Unlike the first republic, a modern nation of Texas needs to have positions on things like the Israeli-Palestinian conflict.

"But what was interesting was that Texas' positions were often quite different from the remaining United States," Ross says.

What would Texas's foreign policy entail? Country singer and humorist Kinky Friedman imagines what he would do as the Texas secretary of foreign affairs.

"I think the first thing we would do is go to the Third World countries and teach the women how to grow big hair and give the men Rick Perry wigs," he says. "I will keep us out of war with Oklahoma. And one of the first countries we'll open free trade with is Cuba. We will be opening cigar stores all over Texas. We're not supporting their economy; we're burning their fields."

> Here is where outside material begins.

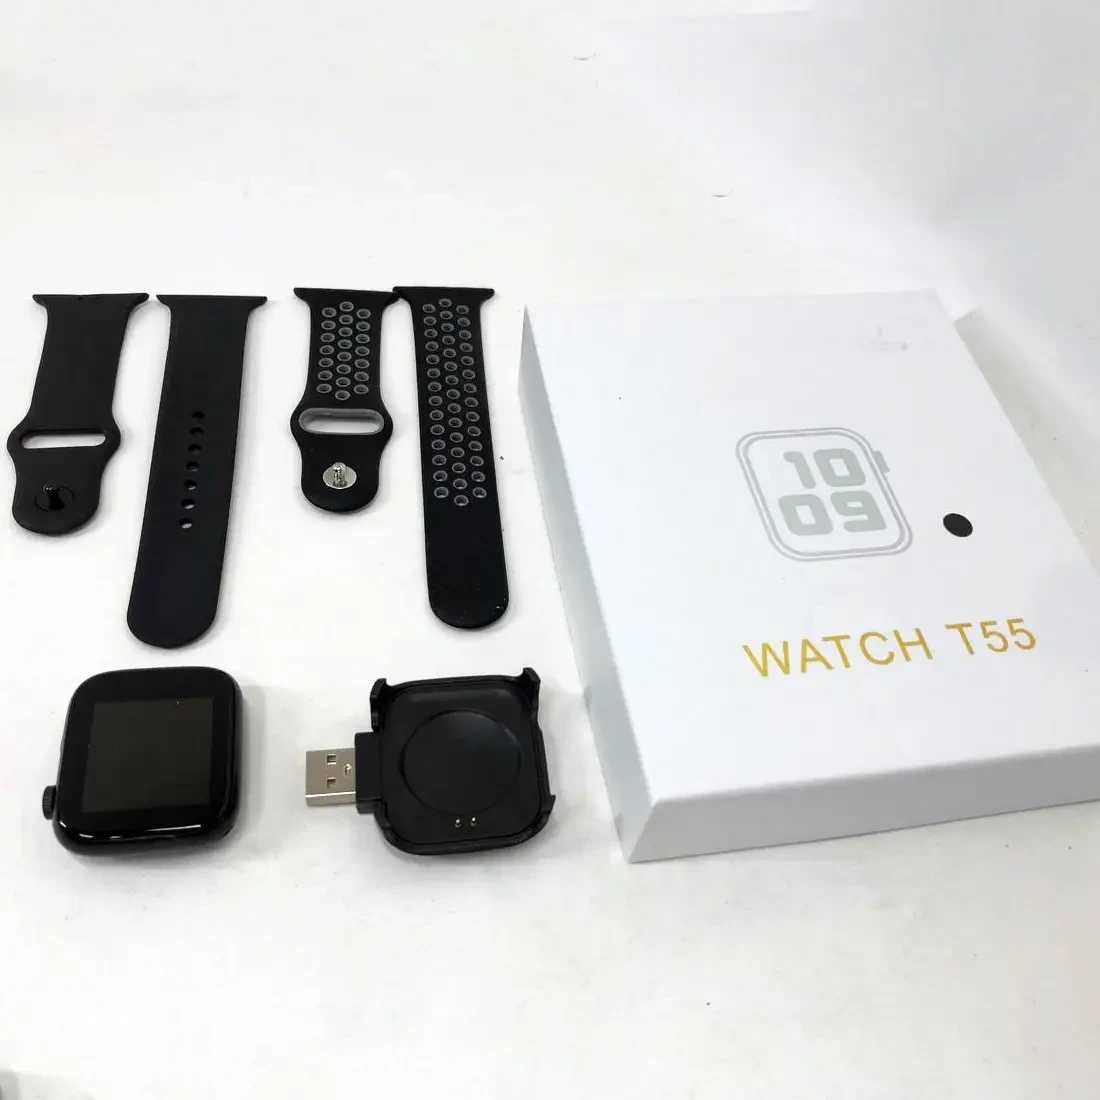 Шок цена! Умные смарт часы |Smart Watch T55 + 2 ремешка.

From Texas To La Republica De Tejas

Texas might see itself as culturally akin to its former fatherland, but as time goes on, the nation's destiny would be determined by its genetic ties to the south. If current demographic growth continues, Texas will become majority Hispanic within a generation. The prospect of Texas as the newest Latin American nation amuses Austin cultural marketing consultant Mando Rayo.

"Texas becomes La Republica de Tejas," Rayo says. "The panhandle city of Amarillo becomes Amarillo, and our national pride, the Dallas Vaqueros, win the Super Bowl."

But would the U.S. let Texas go or would there be a constitutional standoff and opposition from the remaining united states? University of Texas, Austin, presidential scholar H.W. Brands doesn't anticipate a painful separation.

"The Texans were all set for a fight," he says. "I don't know, maybe they were a little bit surprised — maybe they were miffed — that much of the rest of the country said, 'Well we've had enough of the Texans, let 'em go. We'll be better off without 'em.' "

The premise of an independent Texas isn't actually all that popular in the Lone Star State. Last year, Public Policy Polling asked Texans if they favored secession, and fewer than 1 in 5 were for it. As for the 18 percent that said yes — they can just consider our simulation food for thought.